WHAT YOU SHOULD DO ▸ Pictures are to be omitted. Output only the lines from the one containing "Restored, re-wired and factory tested by" through the end of the data, word for word.

Start of STORED DATA

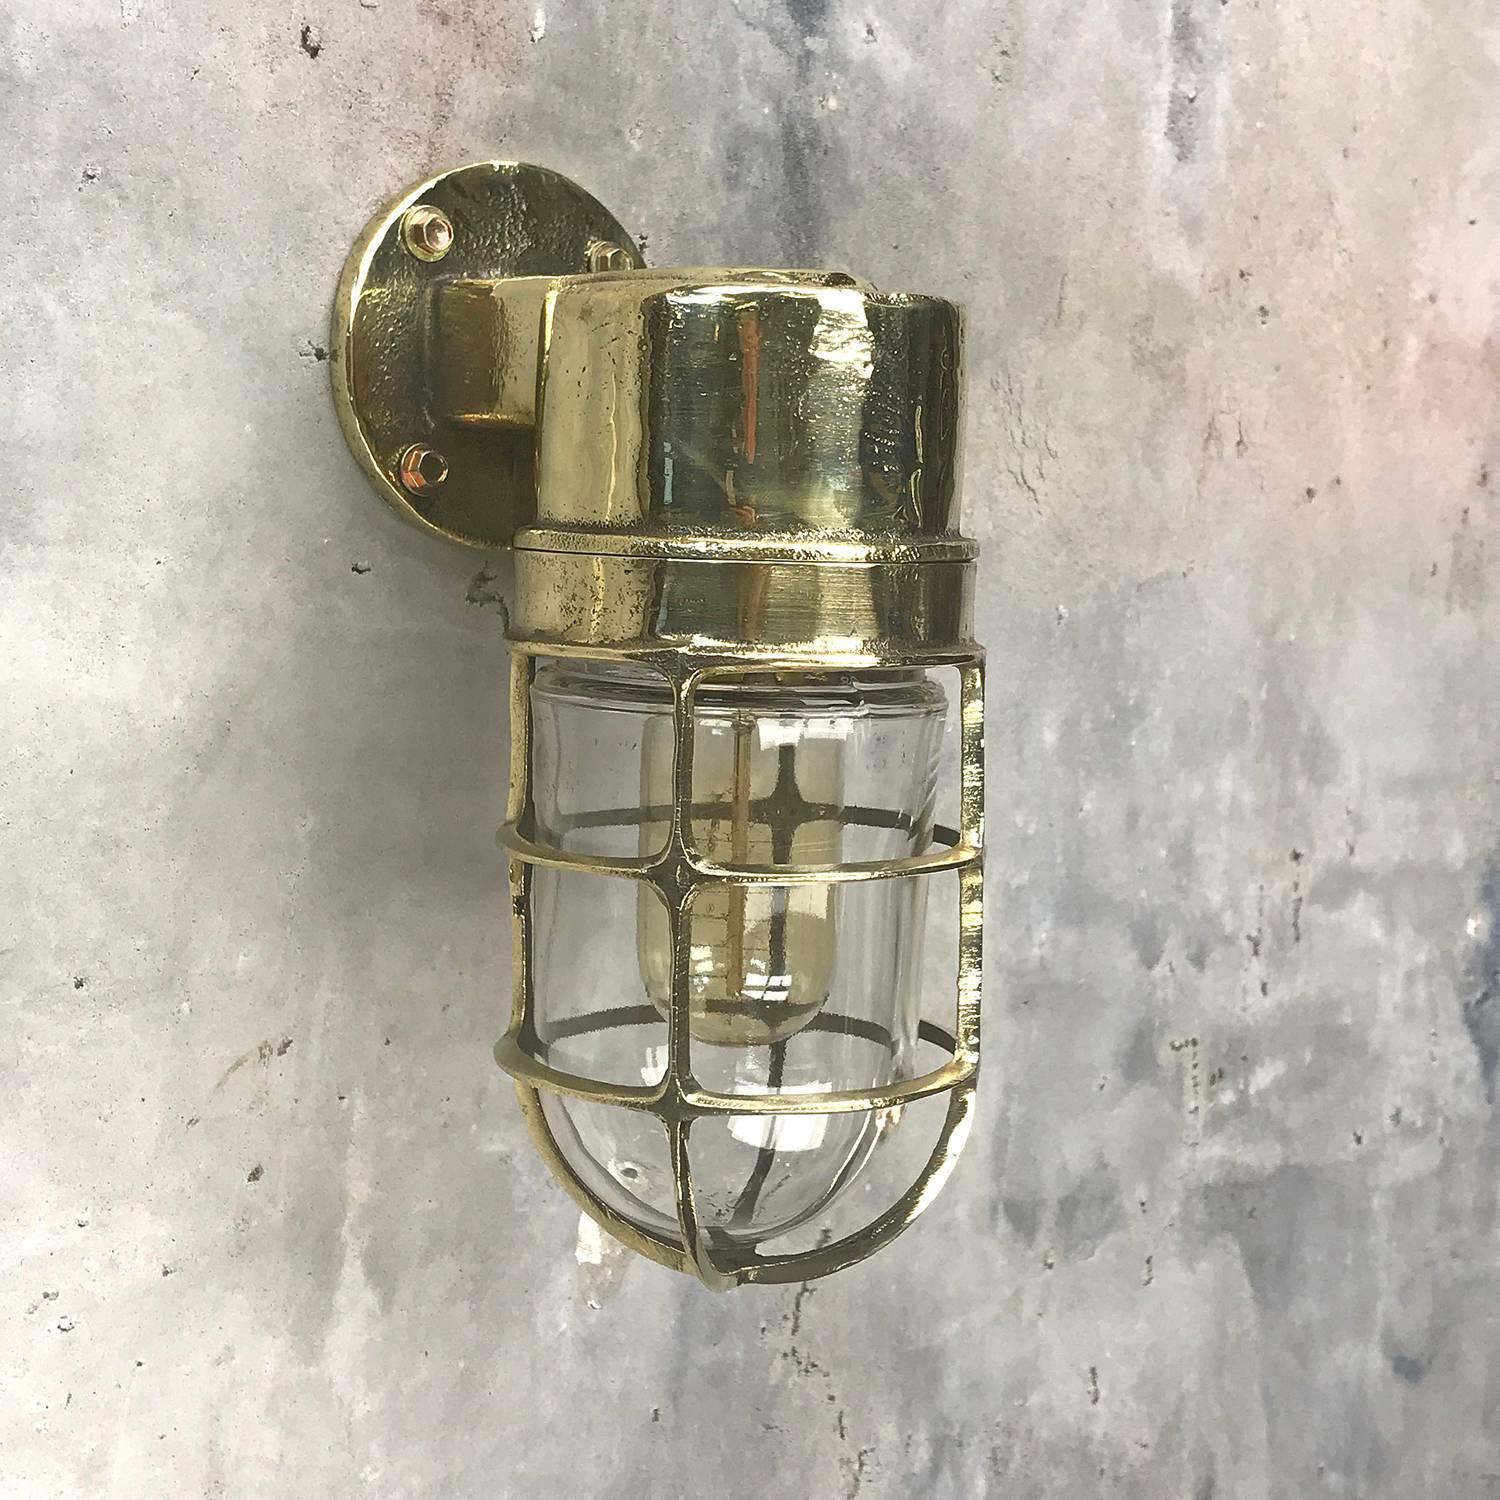 Made in Germany these lights were salvaged from cargo ships and supertankers made during the 1970's, they are a substantial brass casting with a tempered glass dome and cast brass protective cage.

Restored, re-wired and factory tested by
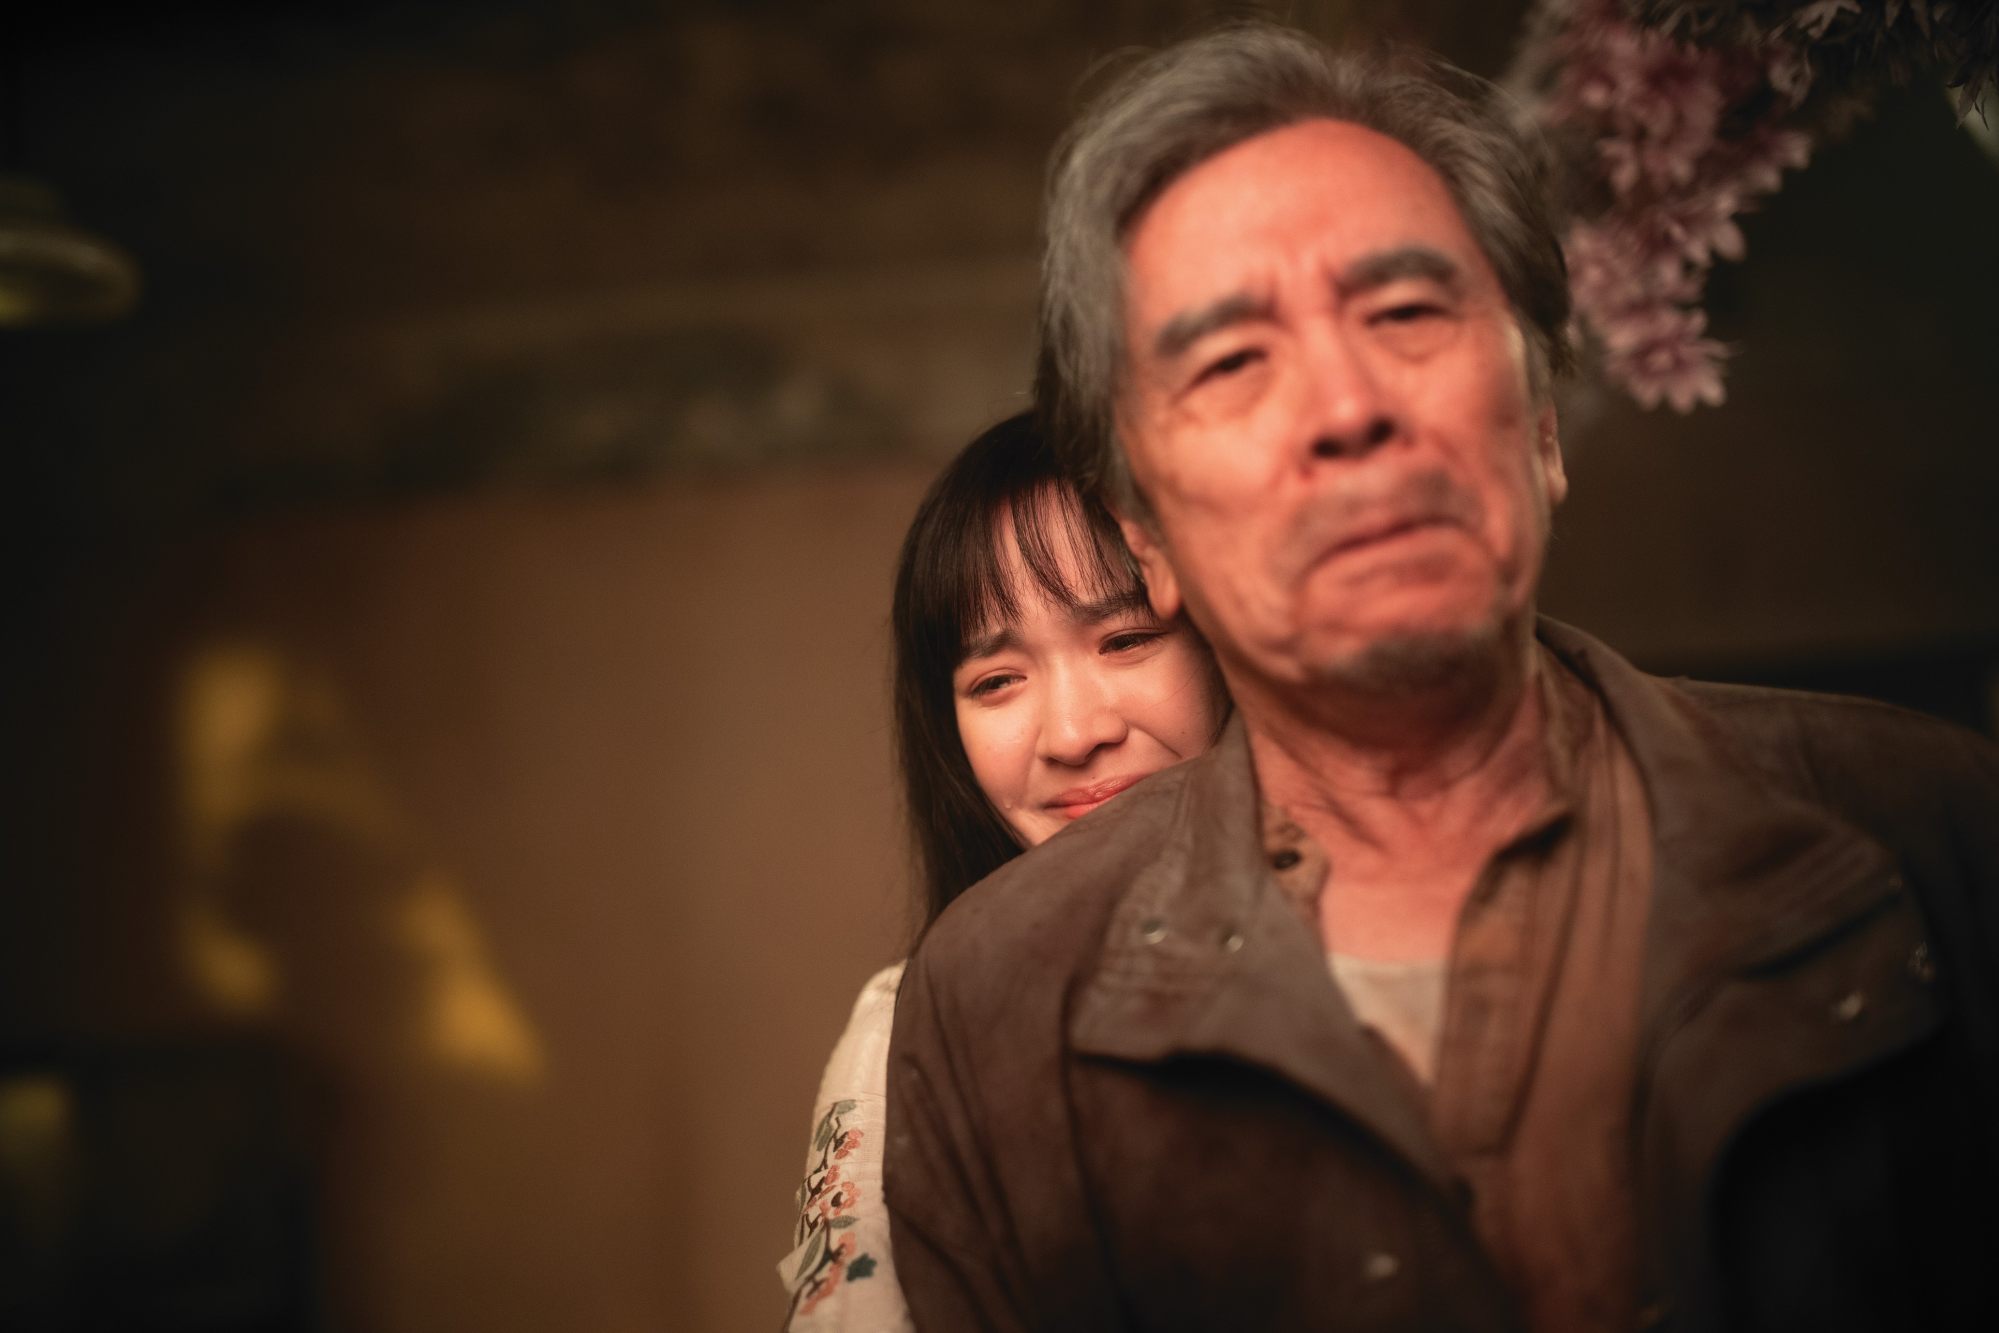 David Chiang (front) and Summer Chan in a still from

End of STORED DATA

WRITTEN ANSWER ▸
Restored, re-wired and factory tested by
 David Chiang (front) and Summer Chan in a still from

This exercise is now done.